YOUR TASK =>
Excluding pictures, transcribe precisely the lines from the one containing "Belarus White Plastic" to the final line of the listing below, inclusive, and nothing more.

DATA EXCERPT =>
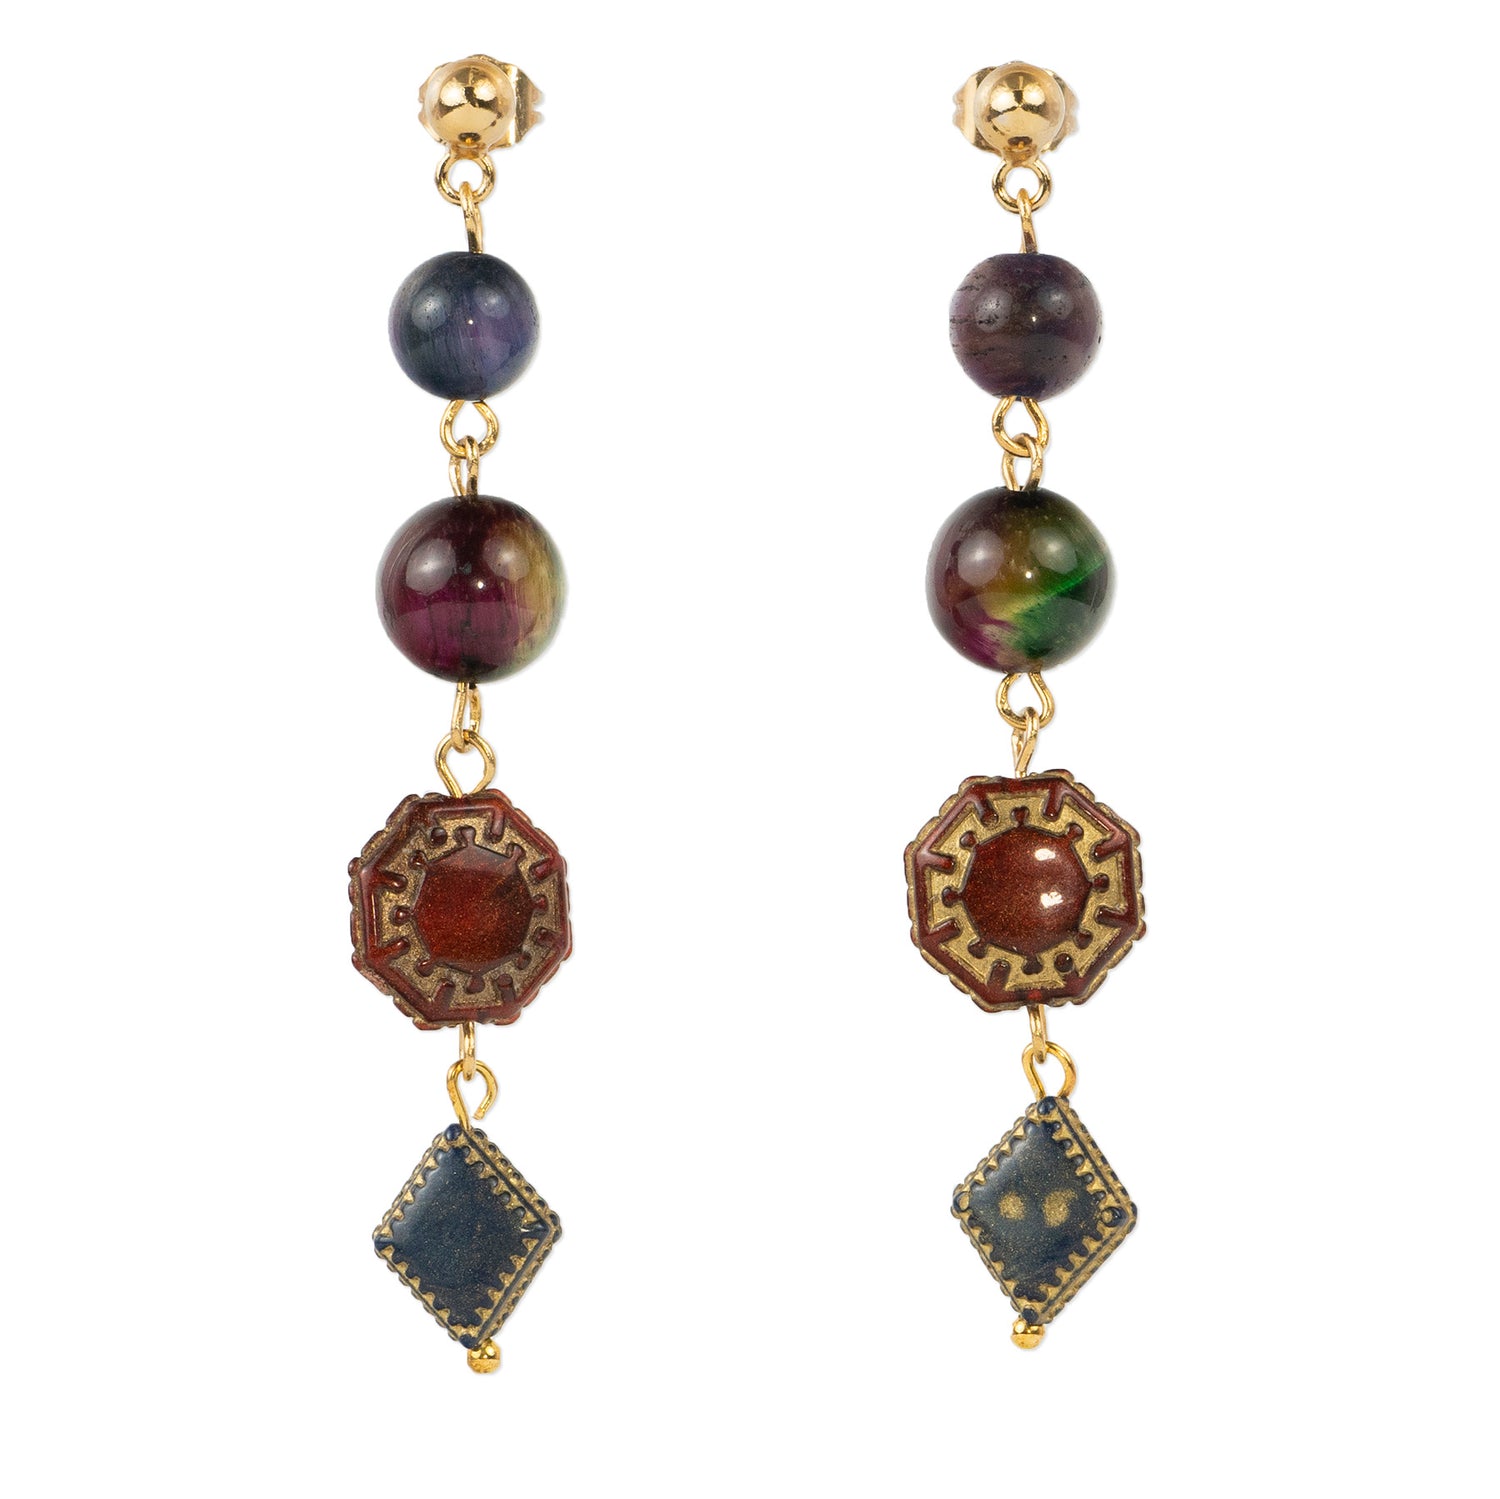 Pendant earrings in semi-precious stones
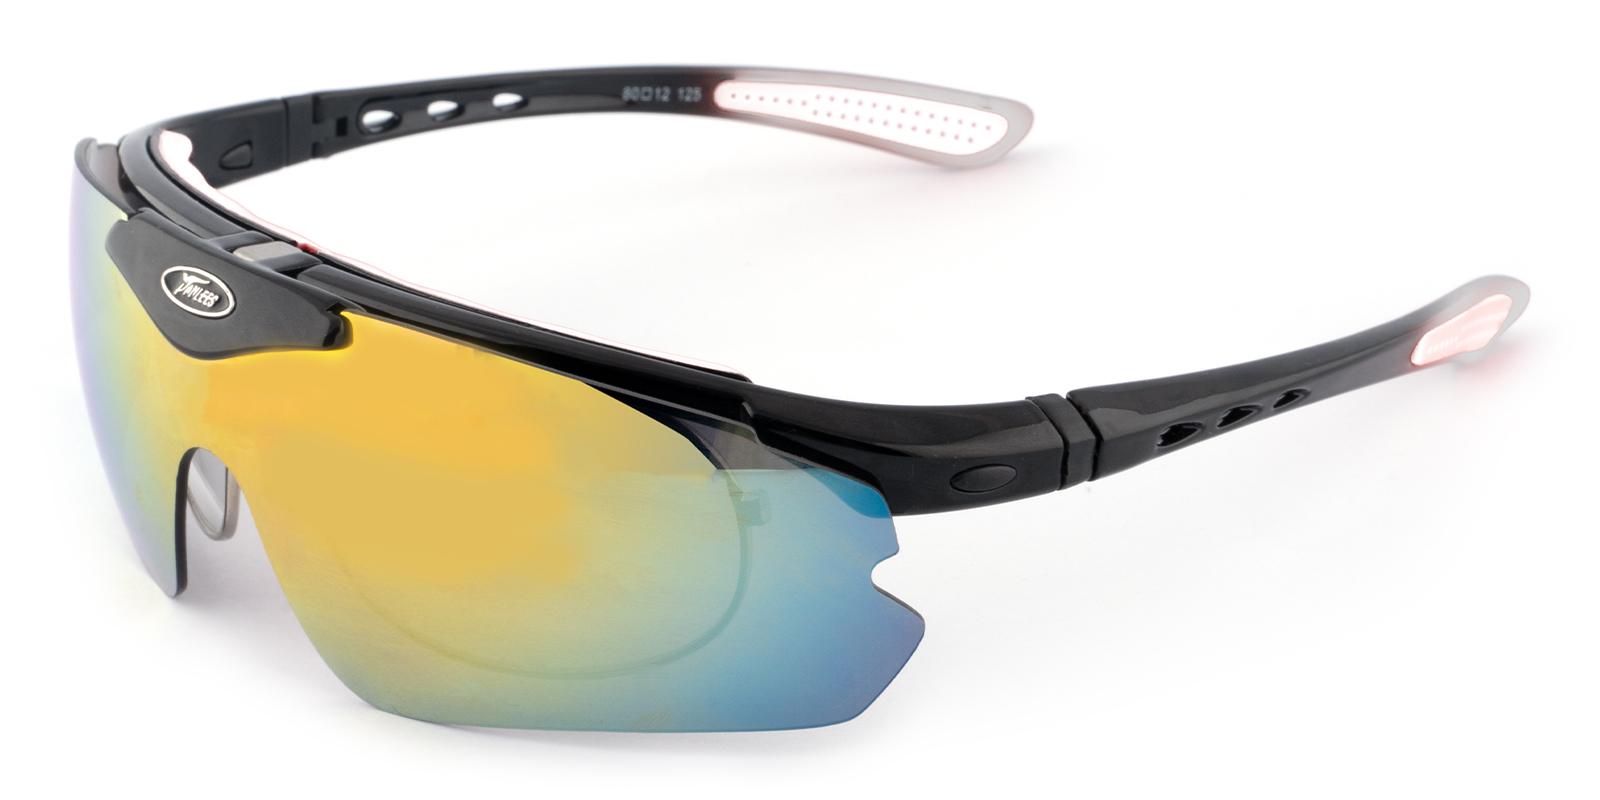 Belarus White Plastic NosePads , SportsGlasses Frames from ABBE Glasses
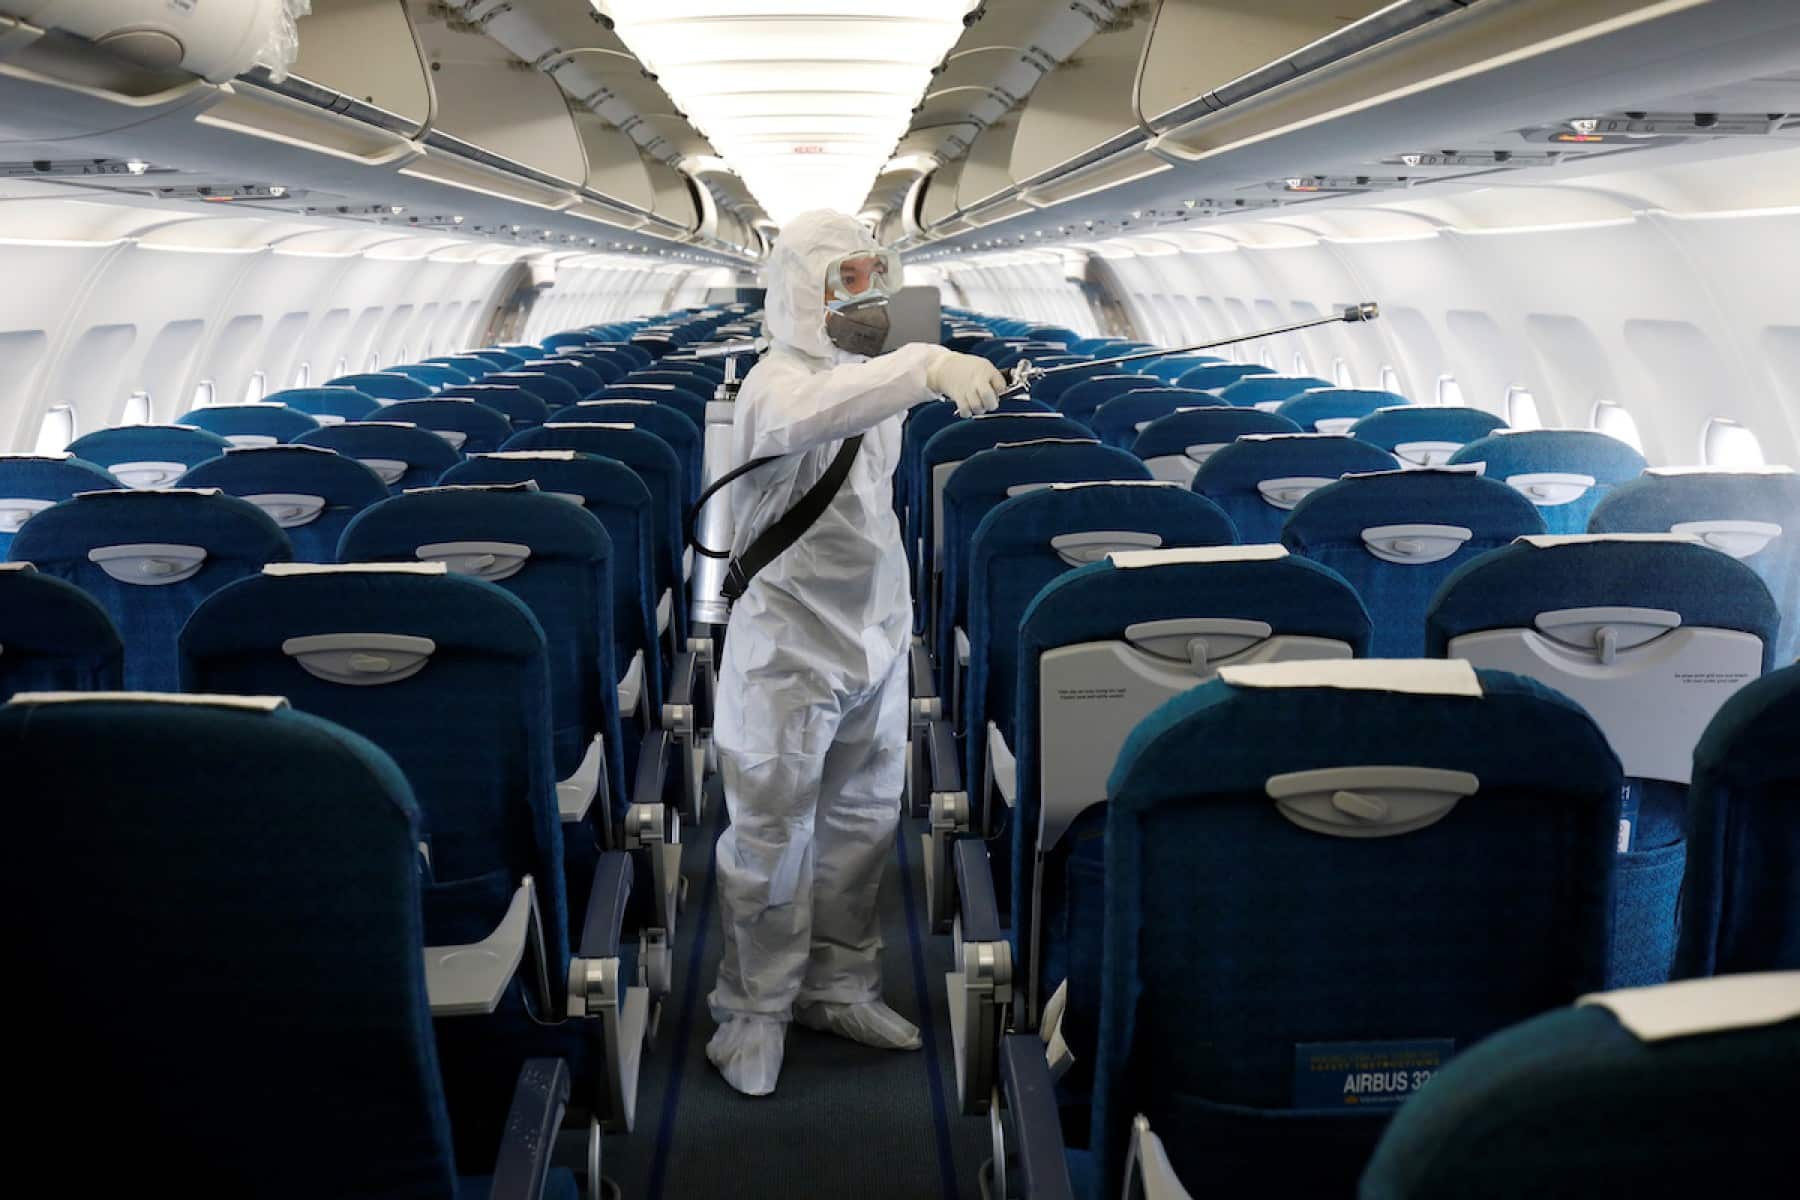 Las líneas aéreas aseguran que el riesgo de contagio por coronavirus en aviones "es mínimo"

TASK OUTPUT =>
 Belarus White Plastic NosePads , SportsGlasses Frames from ABBE Glasses
 Las líneas aéreas aseguran que el riesgo de contagio por coronavirus en aviones "es mínimo"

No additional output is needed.